Intello Labs and Agricx are working in the domain of crop quality monitoring and helping farmers with AI imaging, technologies not even the rich farmers of Punjab would invest in.

SourceTrace and Frontalrain are critical players in the produce traceability segment.

Lastly, Tartan Sense and TerraCroft are working on robotics and drone solutions for farms, addressing the problem of labour shortage and taking the next big leap in farm mechanization.

Through supply chain improvements, private sector participation (PSP) can tackle the current problem where close to 40 per cent of the food grains produced are wasted in either transition or godowns.

With unpredictable shifts in climate, given a mere one-degree centigrade increase in temperature can result in the loss of 4-5 million metric tonnes of wheat, and untimely rains impacting small farmers, sometimes wiping their entire crop out, the PSP and investment in climate-resilient technologies would go a long way in aiding India’s agricultural sector.

'More crop for each drop' would also be made possible with increased investments in data-precision irrigation techniques as the declining groundwater levels begin to haunt India, starting with Punjab, where the groundwater exploitation is the most.

Currently contributing 16 per cent of India’s GDP, the market potential of India’s agritech market alone is close to $24 billion, and the turnover is estimated at more than $150 billion. The penetration, however, is less than one per cent if one goes by a recent report by E&Y.

There are lessons that can be learned from China as well when it comes to PSP.
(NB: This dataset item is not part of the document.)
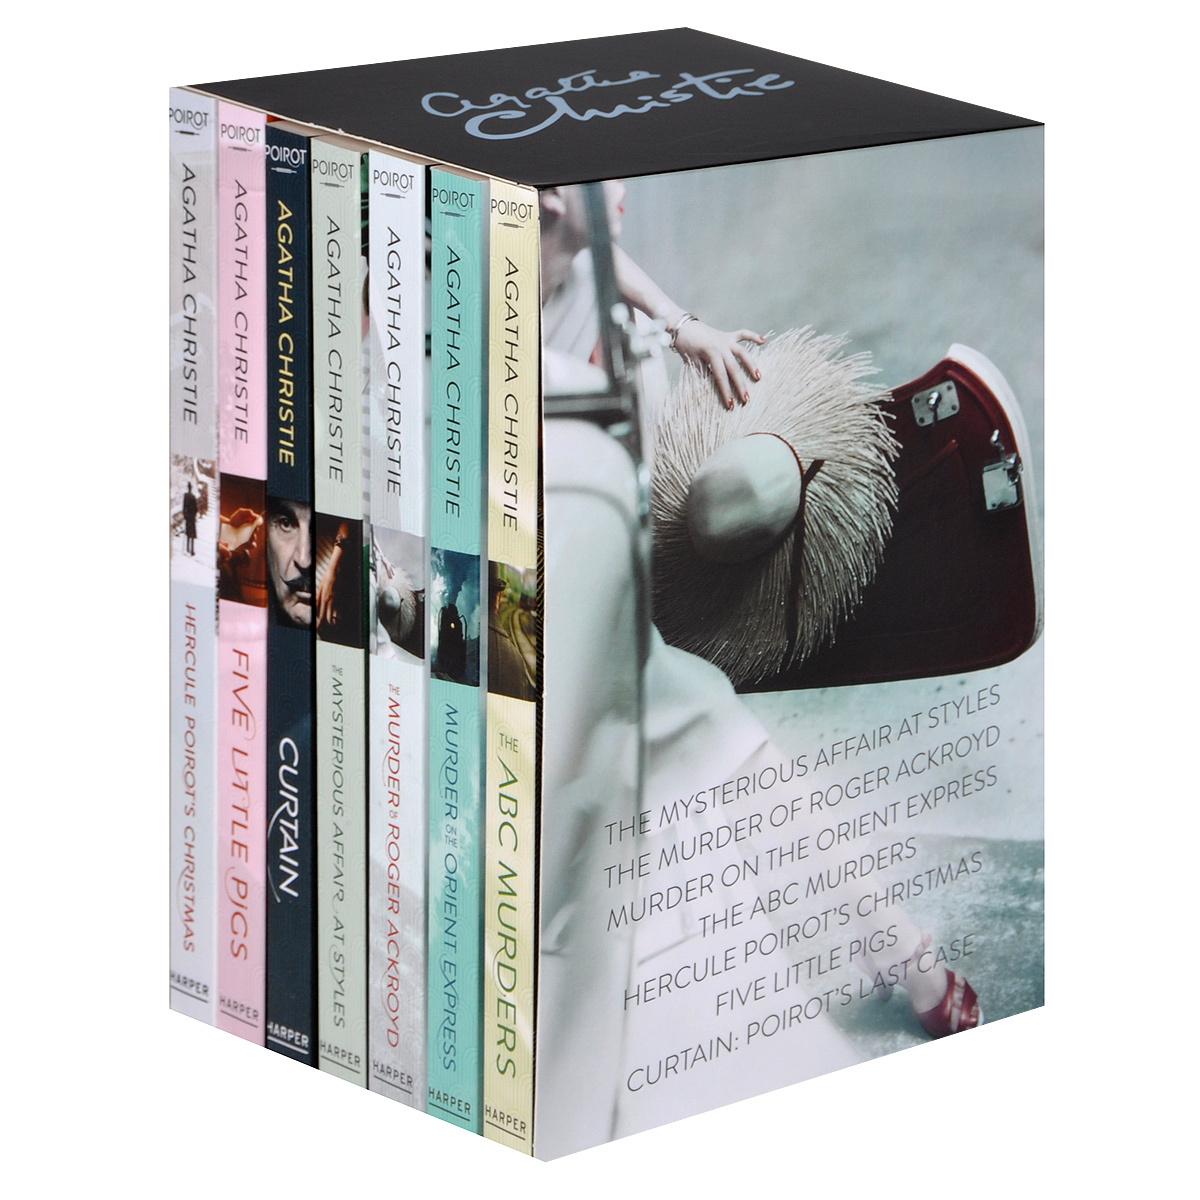 Hercule Poirot (комплект из 7 книг) | Кристи Агата #1

Already, China is leveraging the capabilities of 5G, Artificial Intelligence, drones, and community-supported agriculture. In China’s 2019-2025 Agriculture Digitisation Plan, the aim is to take the proportion of farming goods sold online to 15 per cent.

For the farmers of Punjab, a depleting groundwater supply, degraded lands, and diminishing returns on MSP threaten their livelihoods, and hence, the farm laws could have ushered in new opportunities.

As the implementation of these laws stands stalled by the apex court, the protesting farmers and middlemen must use this time to realise their folly and how they are cursing their futures.

Greta or Disha may have several toolkits up their sleeves, but no toolkit can stop the imminent doom of the wheat-paddy agri-economy of Punjab. For the love of the farmers’ livelihood and for the love of the environment, Punjab needs these farm laws. Anything less is an agri-apocalypse.